What the flames was she doing? Was there something the matter with her? What could have come over her all of a slap?
And she kept talking quare, all yes, yes, and beautiful, beautiful and stuff like that. He was fecked if he could see anything that could be the cause of such breathless excitement, although he thought she smelled lovely in her crispy-fresh uniform.
She was pounding her body hard against him now, each thump driven home with a guttural 'Jesus!' He became a little alarmed. This was nice Nurse Blakely, always so friendly and happy. What was happening to her at all?
She plunged her face into the pillow above his head to stifle her cries, nearly smothering him against her chest. Suddenly the truth, what had to be the truth, flashed upon him.
She's dying!
Of course! That was it! That's why she kept saying Jesus. Didn't Mr. Donegan tell the class at school a while back that they should endeavour to let their last dying word be Jesus, so that they would go to meet their Maker with the Saviour's name on their lips?
Oh Godjesusmammy help me she's dying. She'll die on top of me and smother me.
He could feel as well as hear the strange convulsions in her throat as she gasped her weird strangled cries into the pillow. He thought she was going to drive him through the bed as her lower body slammed against him frenziedly, then he felt her go all floppy and still.
She's dead! Mammy get me outa here, she's... He was about to let a panic-stricken yell out of him when he realized she was still breathing.

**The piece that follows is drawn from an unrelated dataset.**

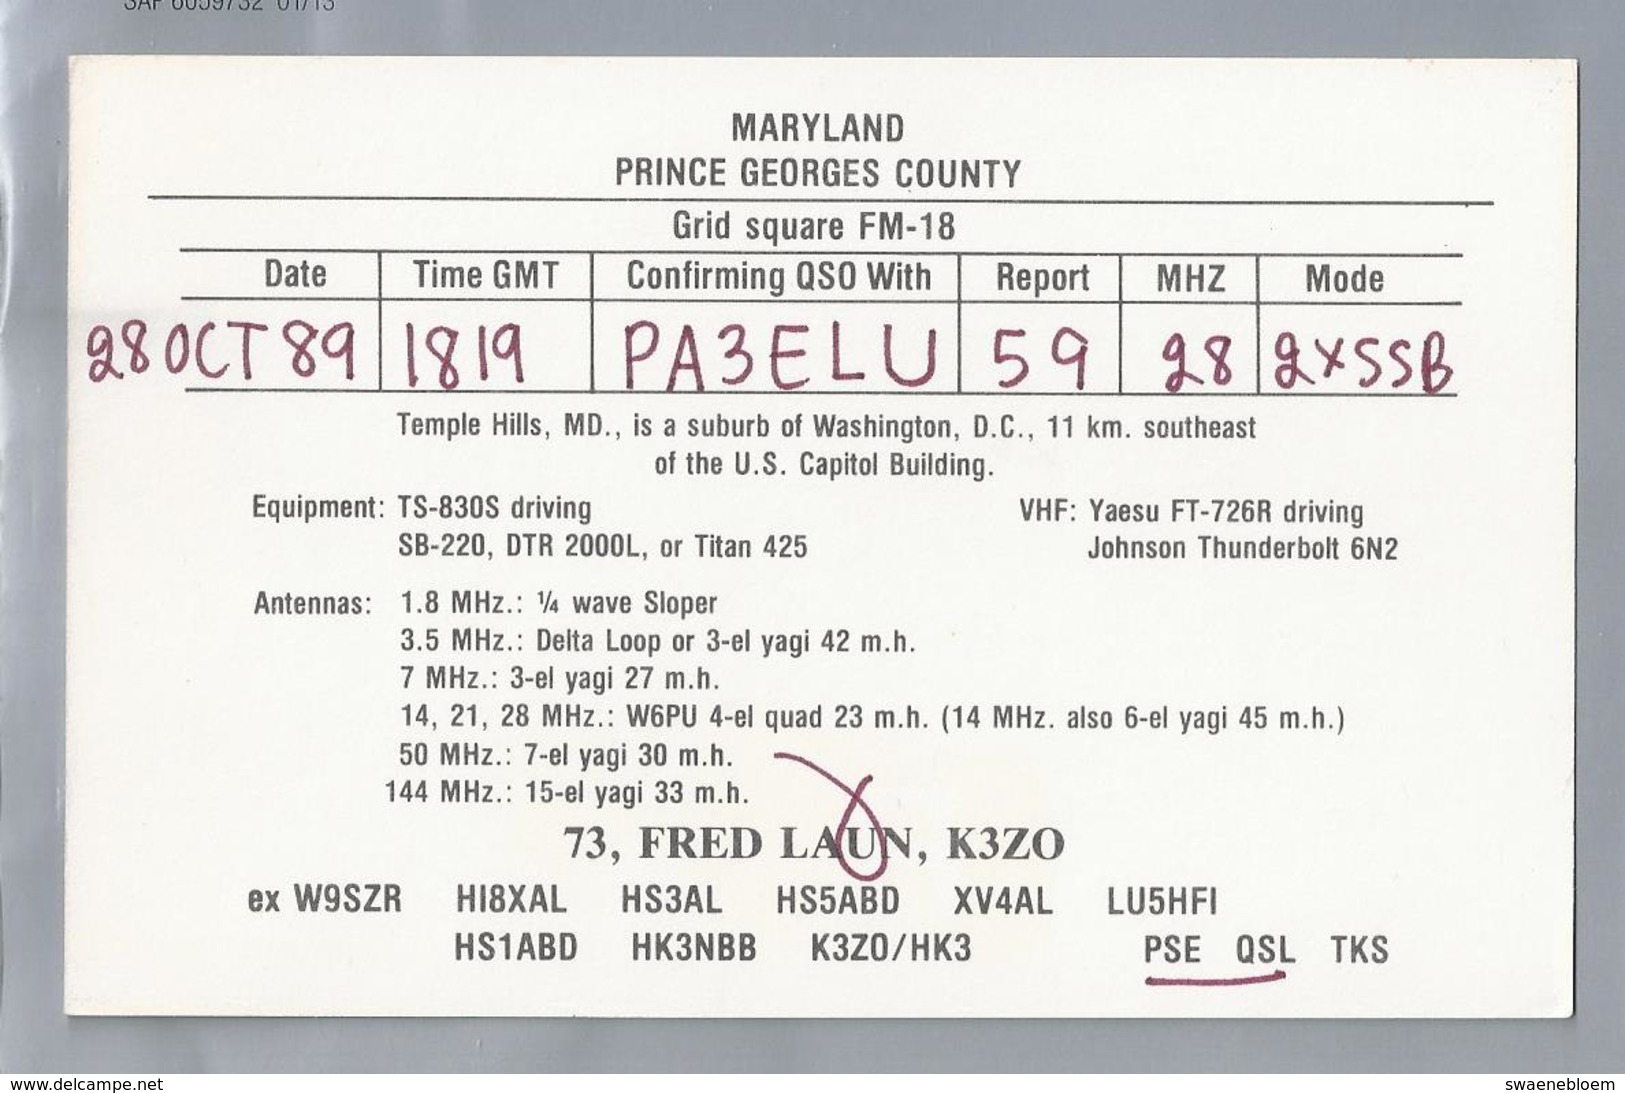 US.- QSL KAART. CARD. K3ZO. FRED LAUN, TEMPLE HILLS, MD. MARYLAND, PRINCE GEORGES COUNTY., U.S.A. - Radio-amateur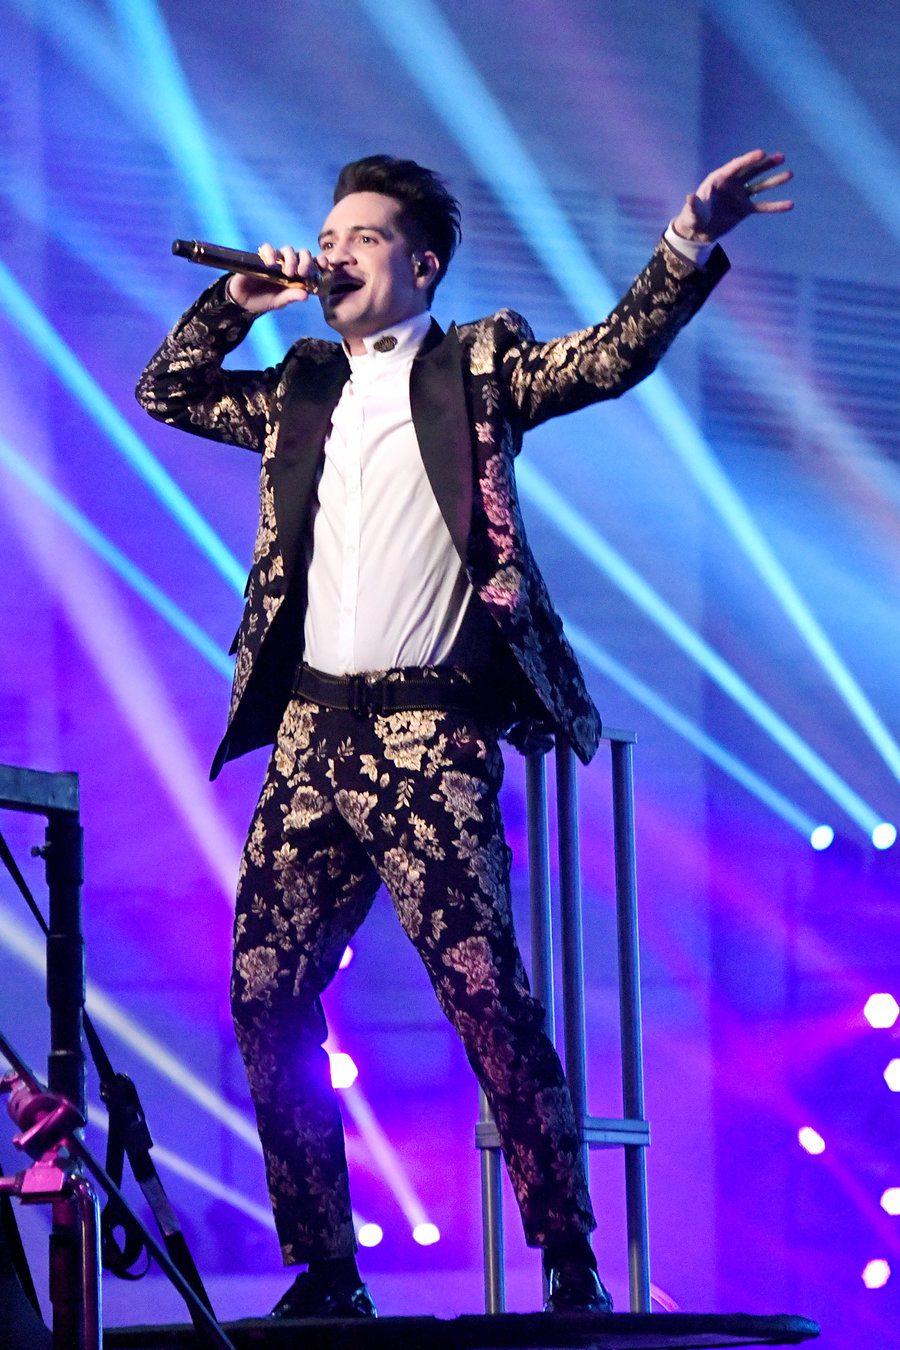 Panic! At The Disco Frontman: Brendon Urie

'There now, it's all right, lovey. It's all right now.' She lifted her head and her face was flushed as if she had been crying.
'Off you go to sleep now, Raymond. I'll come and chat to you tomorrow night again.'
He was flabbergasted. Holy God almighty, here she was talking to him in her usual kindly way as if that terrible attack she had just gone through had never happened. It was the quarest thing he had ever come across.